ZeroMQ, the fastest message queue in history-ZMQ learning and research-PHP source code

Source: Internet
Author: User
ZeroMQ, the fastest message queue in history-ZMQ learning and research ZeroMQ, and the fastest message queue in history-ZMQ learning and research

I. Background of ZeroMQ

Reference the official saying: "ZMQ (ZMQ for short) is a simple and easy-to-use transmission layer, a socket library like a framework, it makes Socket programming simpler, more concise, and more efficient. Is a message processing queue library that can be elastically scaled between multiple threads, kernels, and host boxes. ZMQ's clear goal is to "become part of the standard network protocol stack and then enter the Linux kernel ". They are not yet successful. However, it is undoubtedly very promising and a layer of encapsulation above the "traditional" BSD socket that people need more. ZMQ makes writing high-performance network applications extremely simple and interesting ."

In recent years, "Message Queue" projects have emerged one after another, with more than a dozen well-known projects. this is mainly because distributed processing has gradually become the mainstream in the post Moore's law era, the industry needs a set of standards for message communication between nodes in a distributed computing environment. After several years of competition, the Apache Foundation's RabbitMQ compliant with the AMQP/1.0 standard has been widely recognized and become a leading MQ project.

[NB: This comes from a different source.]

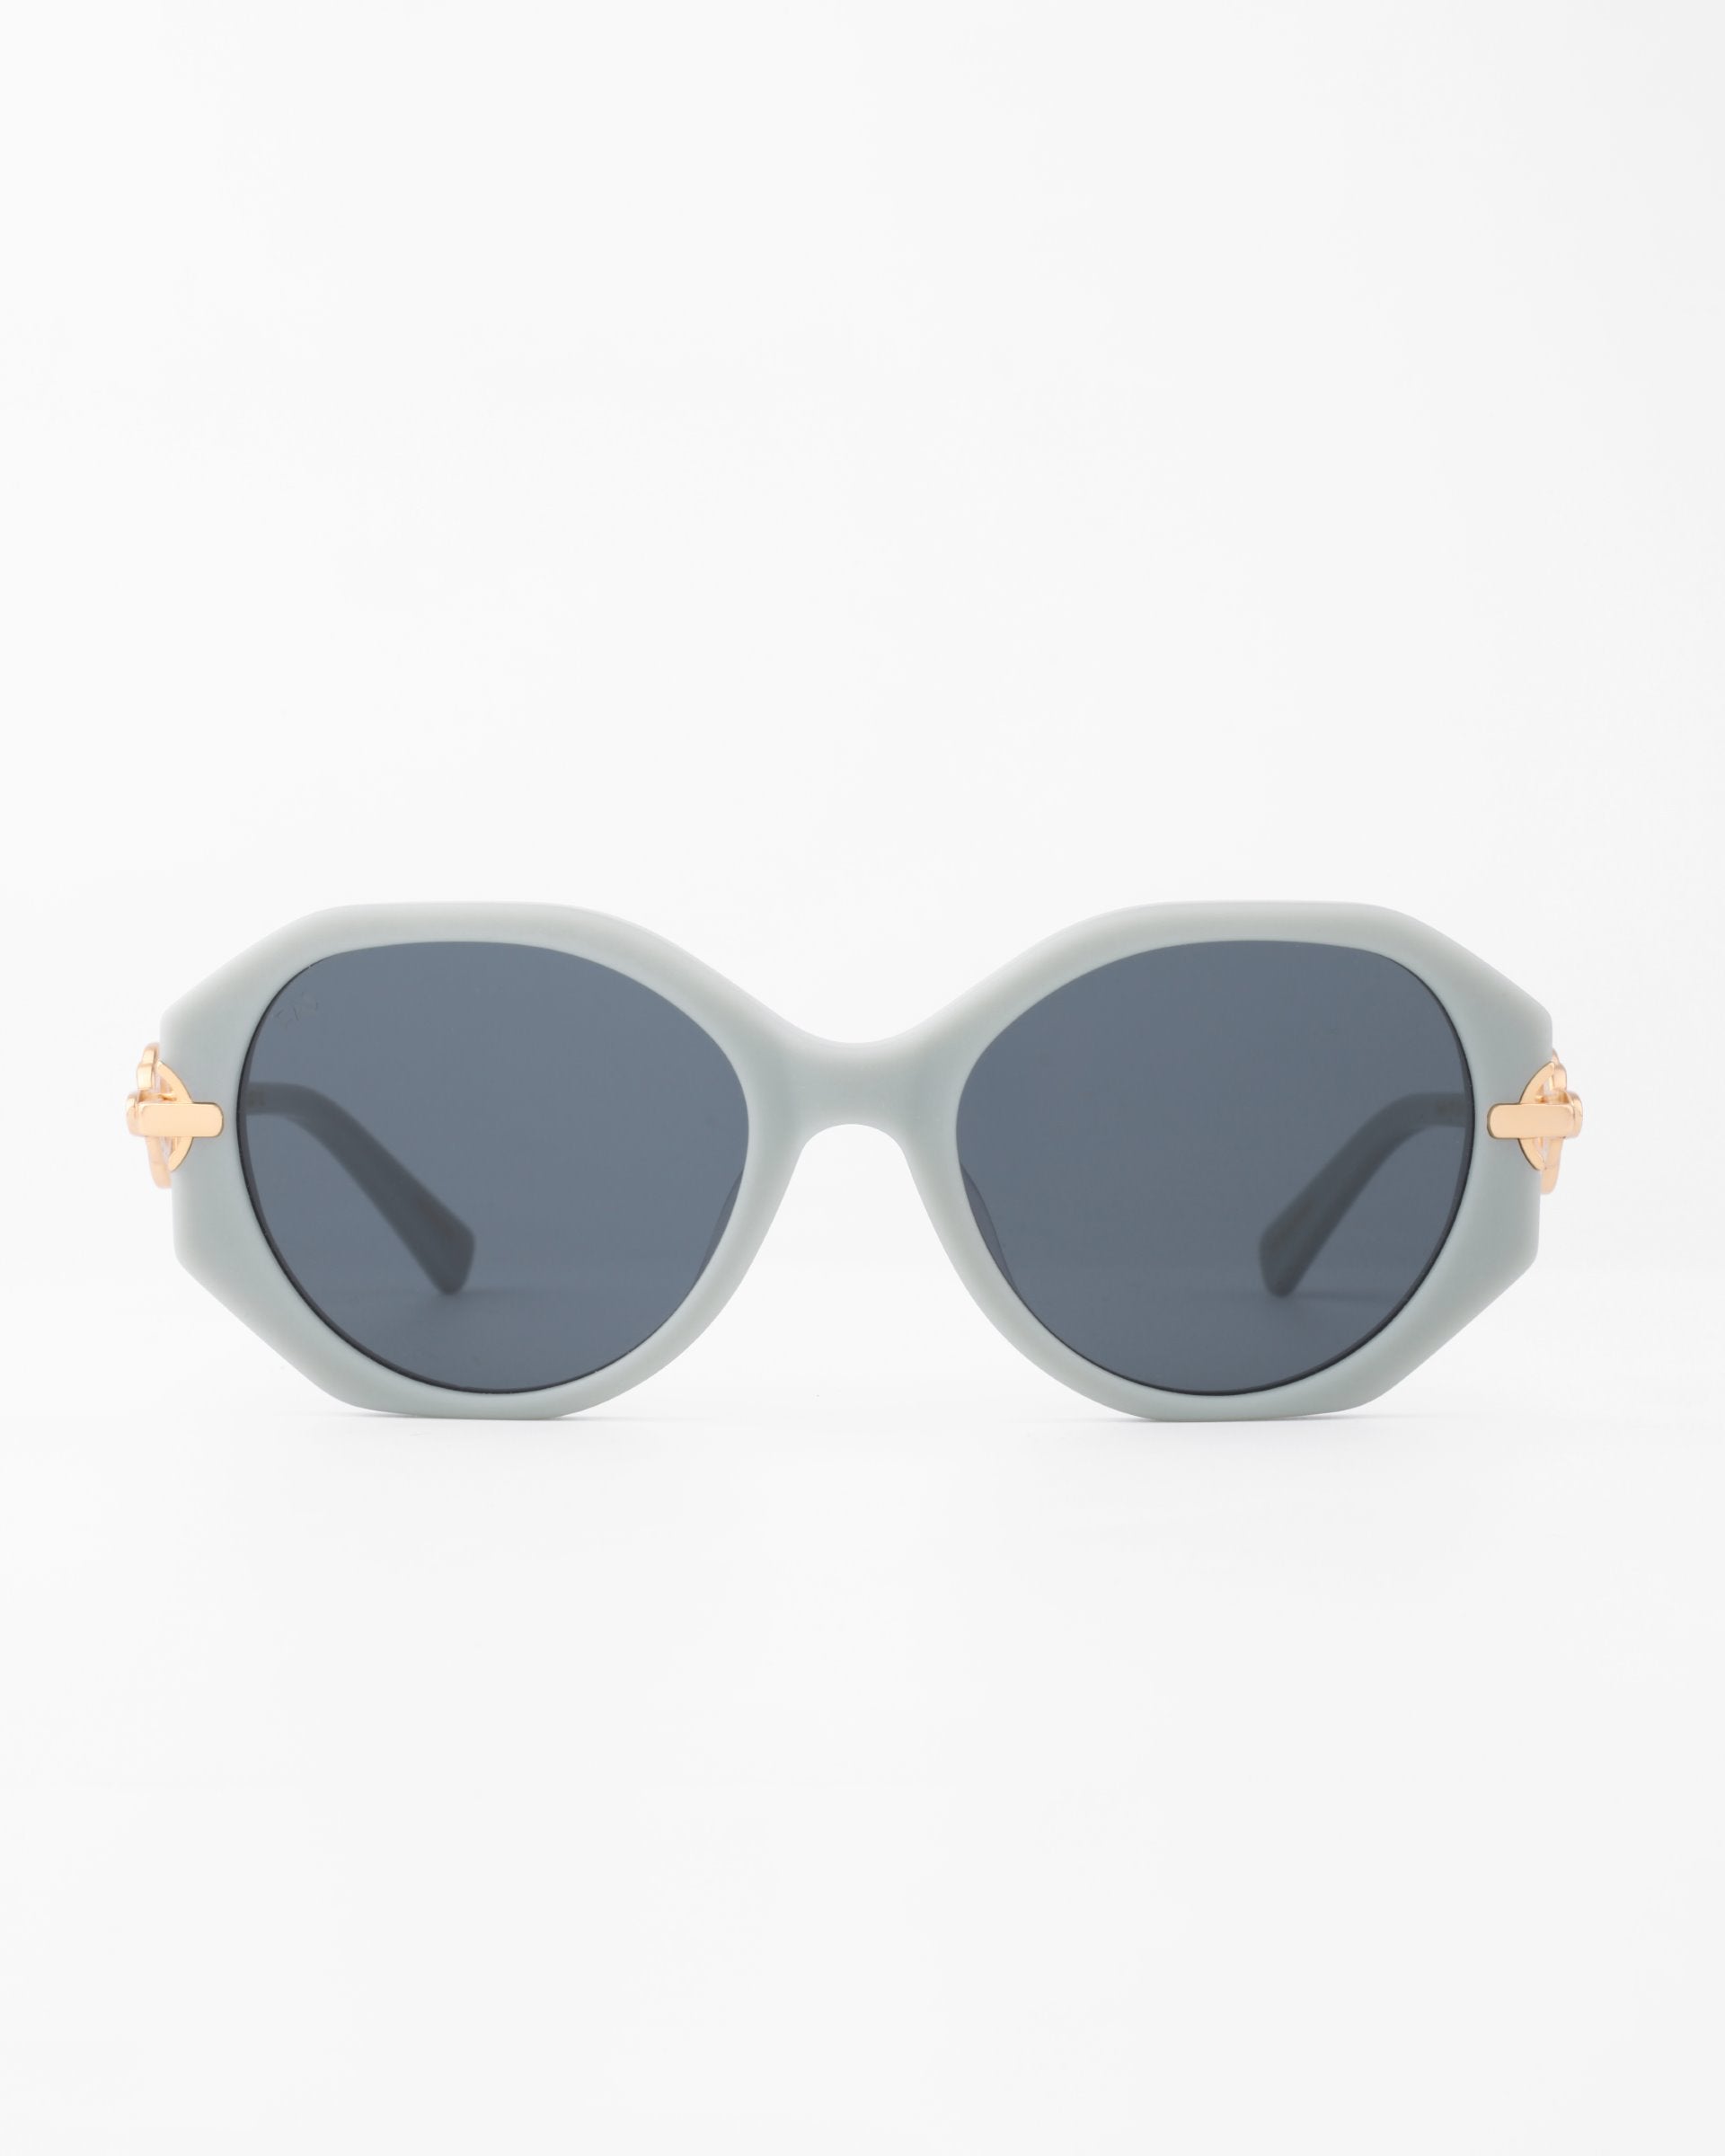 A pair of light gray oval-shaped Seaside sunglasses by For Art&#39;s Sake® with dark blue, shatter-resistant lenses. The handmade acetate frame features gold-plated temple detailing on a plain white background.

Compared with RabbitMQ, ZMQ is not a message queue server in the traditional sense. In fact, ZMQ is not a server at all. it is more like a underlying network communication Library, the Socket API is encapsulated to abstract network communication, process communication, and thread communication into a unified API interface.

2. what is ZMQ?

After reading the ZMQ Guide document, I understand that this is a series of interfaces similar to Socket. The difference between it and Socket is that normal sockets are end-to-end ), ZMQ has a relationship that can be N: M. people know more about BSD sockets through point-to-point connections, point-to-point connections require explicit connection establishment, connection destruction, Protocol selection (TCP/UDP), and error handling. ZMQ shields these details and makes network programming easier. ZMQ is used for communication between nodes. a node can be a host or a process.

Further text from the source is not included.